How You Should Look at Your Retirement

When I do a quick tally of my retirement savings, I discount 40% of any account that will still be taxed. For example, any retirement accounts like the SEP IRA, Traditional IRA, and 401k is worth less than the number you see on your statement. Others, like the Roth IRA or your taxable investment account, is worth the full amount. This sounds trivial, but let’s use a hypothetical example to drive home this important point. Let’s say that Joe has the following saved up:

  1. Traditional IRA (rolled over from previous work)- $60,000
  2. 401k – $22,000
  3. Roth IRA – $8,000
  4. Savings – $8,000

Total = $98,000

Having close to $100,000 for retirement already saved up is a substantial amount, but is it really that much? If we discount the taxes that he will incur come retirement, the numbers become (I just take a simple 30% off as a quick, dirty and conservative way of doing this):

  1. Traditional IRA – $48,000
  2. 401k – $17,600
  3. Roth IRA – $8,000
  4. Savings – $8,000

Total = $81,600

$81,600 is not too shabby, but it’s not quite $100,000.

Okay, You Have My Attention, Now What

Even though the point I’m making is fairly obvious, many of us don’t think about the true value of our nest egg when we just glance at our 401k and IRA statements every quarter. If you are actively planning for your retirement, I strongly suggest doing a similar calculation and see if you are still on track.If anything, you will be more conservative and have more money to spend in retirement – hardly a bad situation.

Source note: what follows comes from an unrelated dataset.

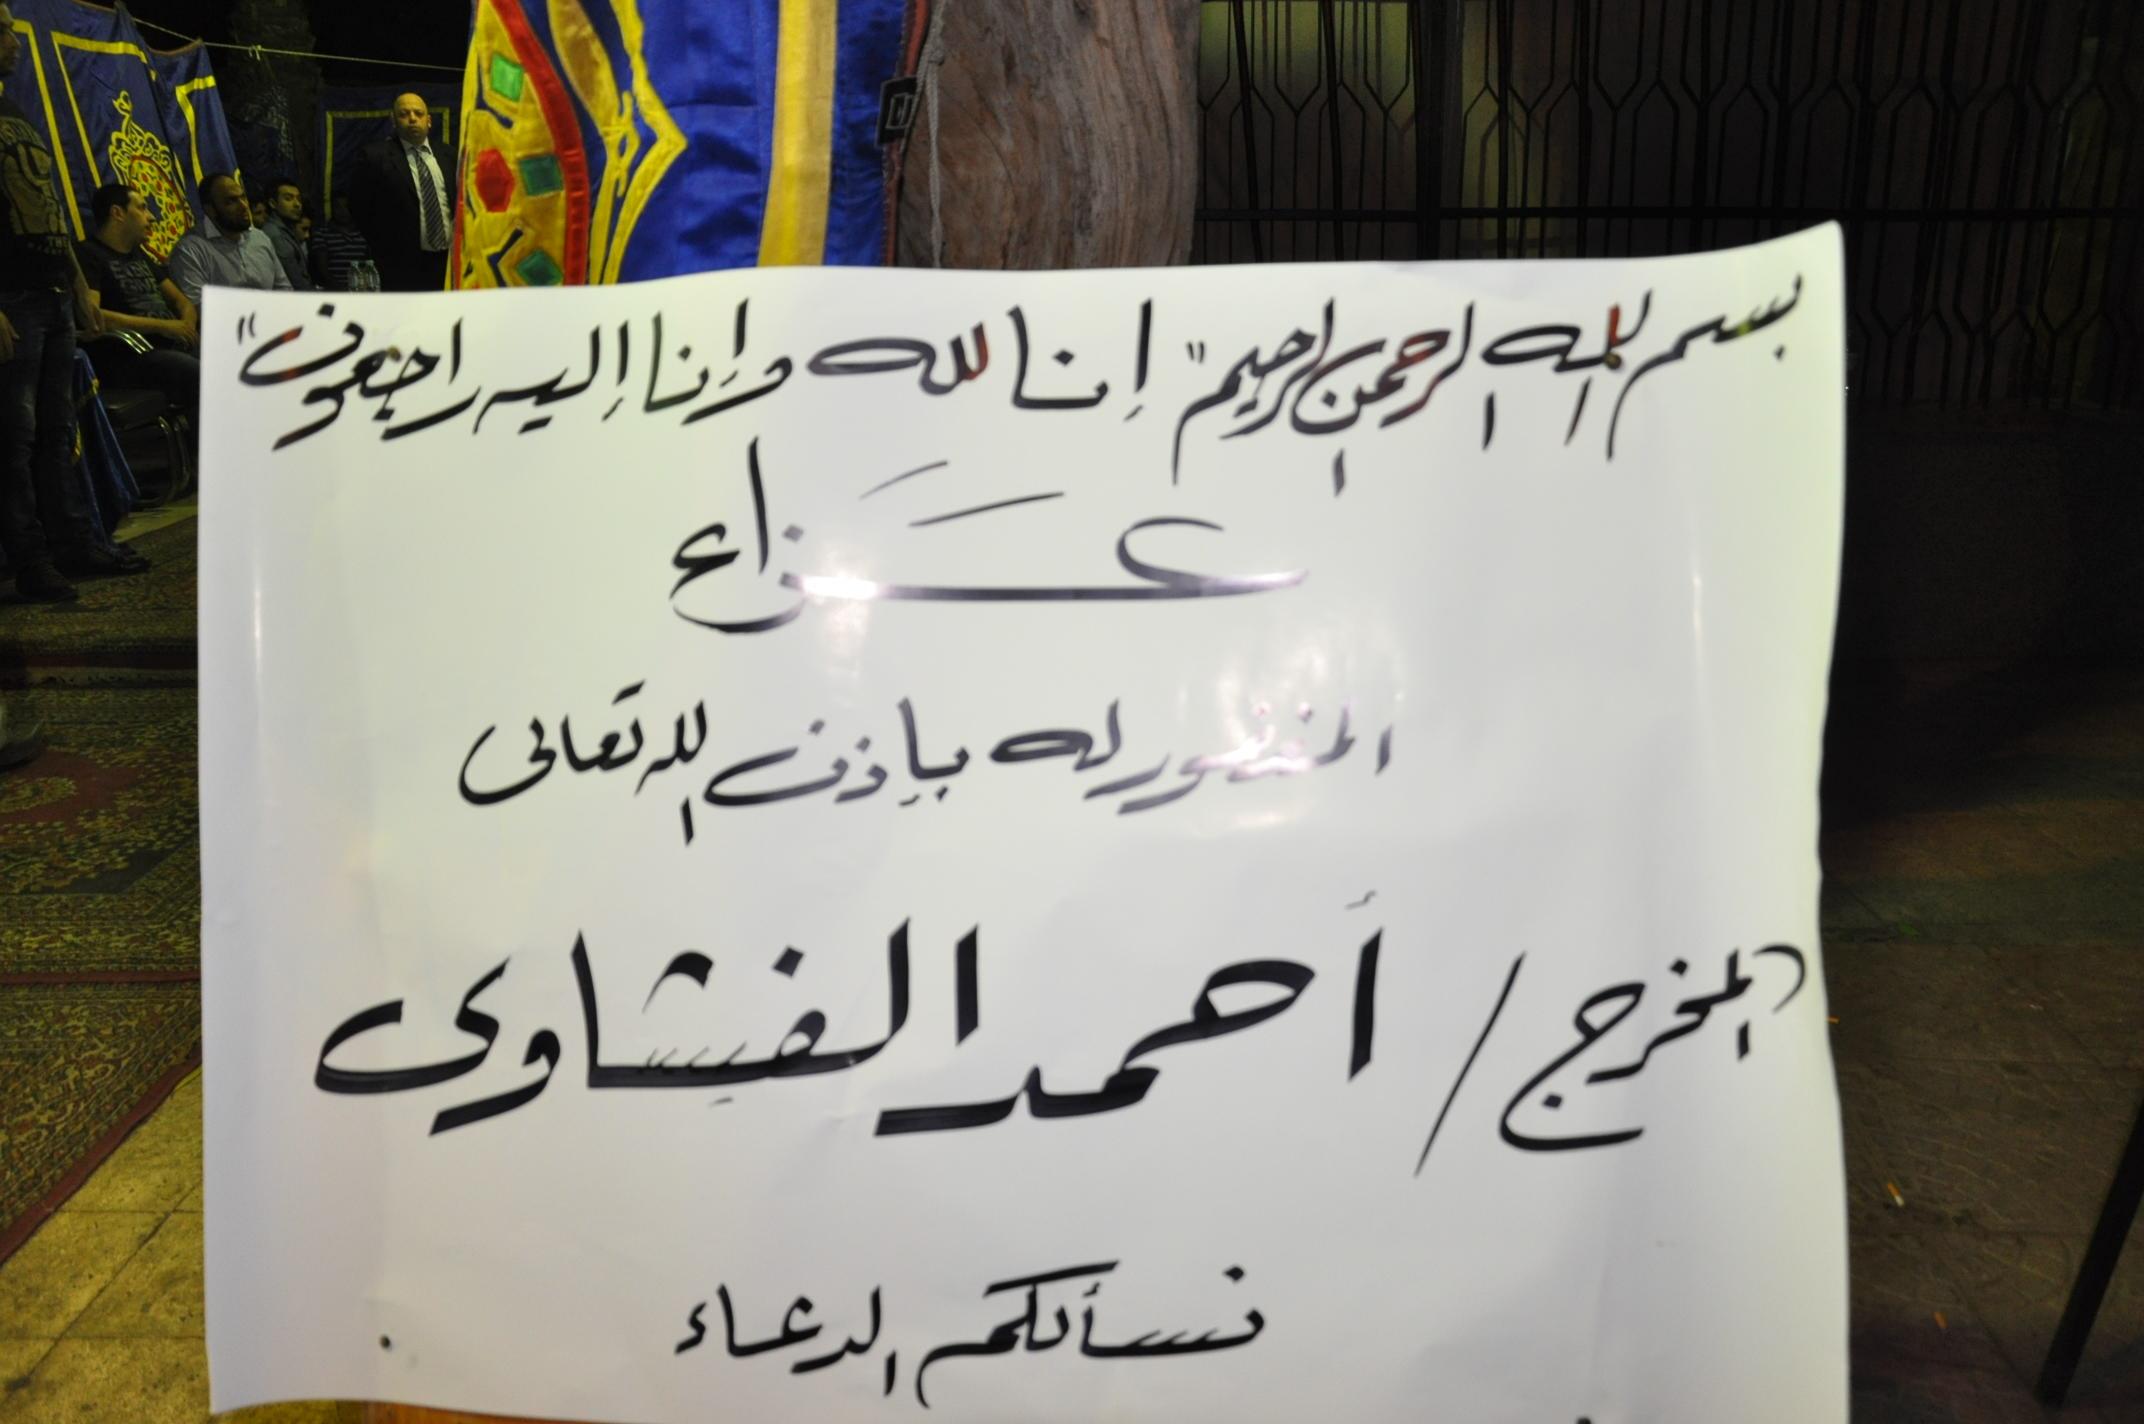 عزاء المخرج احمد الفيشاوي

Here Are Two More Retirement Savings Options You Might Not Have Considered

And now that you are thinking about the difference of pre-tax and post-tax retirement savings, let’s take a look at another two options you hear about less often. Most people are familiar with the standard retirement savings accounts — 401(k)s, Traditional IRAs and Roth IRAs. Each has its advantages and disadvantages when it comes to contribution limits, tax breaks, and the ability to maximize your portfolio. And many of these depend on where you’re at in your life, career, and finances. For instance, many financial advisors say Roth IRAs are a better bet for younger workers, and that IRAs, in general, are a better choice than an employer-sponsored 401(k) since they allow you to choose your provider and give you more investment options.

But there are a few other retirement savings account options you might not be aware of that could be better for you, financially. Two of them include the Simplified Employee Pension (SEP)-IRA and the Health Savings Account (HSA). Let’s look at how these retirement savings options work and who might (or might not) be the best candidate for them.

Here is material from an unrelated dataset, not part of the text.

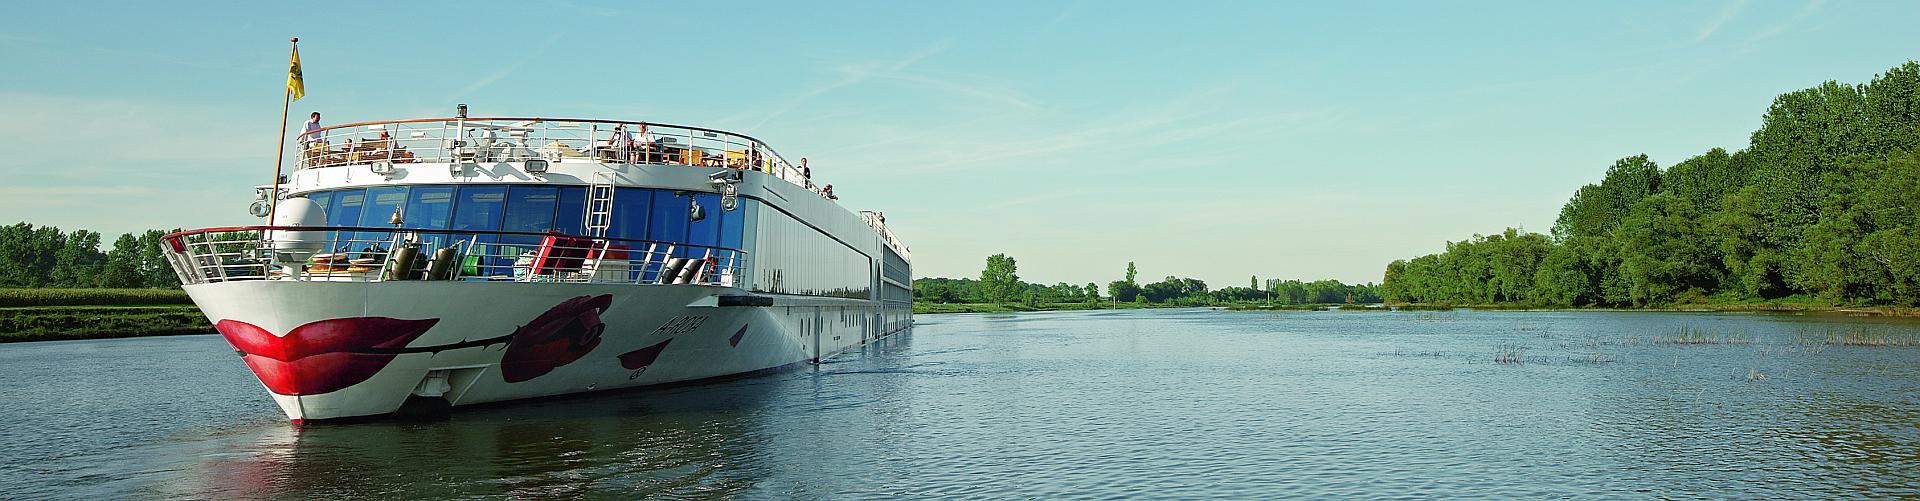 AROSA Flusskreuzfahrten auf Donau, Rhein, Mosel, Rhone, Seine

Simplified Employee Pension (SEP)-IRA

This one was new to me, so I’m guessing it could be new to you, too. This is probably because it doesn’t apply to you, but I’ll let you make that judgment.

The SEP-IRA is designed for solopreneurs or entrepreneurs with only a few employees. This retirement savings account has a higher annual contribution limit ($55,000 per year in 2018, and no more than 25% of your self-employment income) than traditional IRAs. That’s good news for business owners who want to maximize their retirement income.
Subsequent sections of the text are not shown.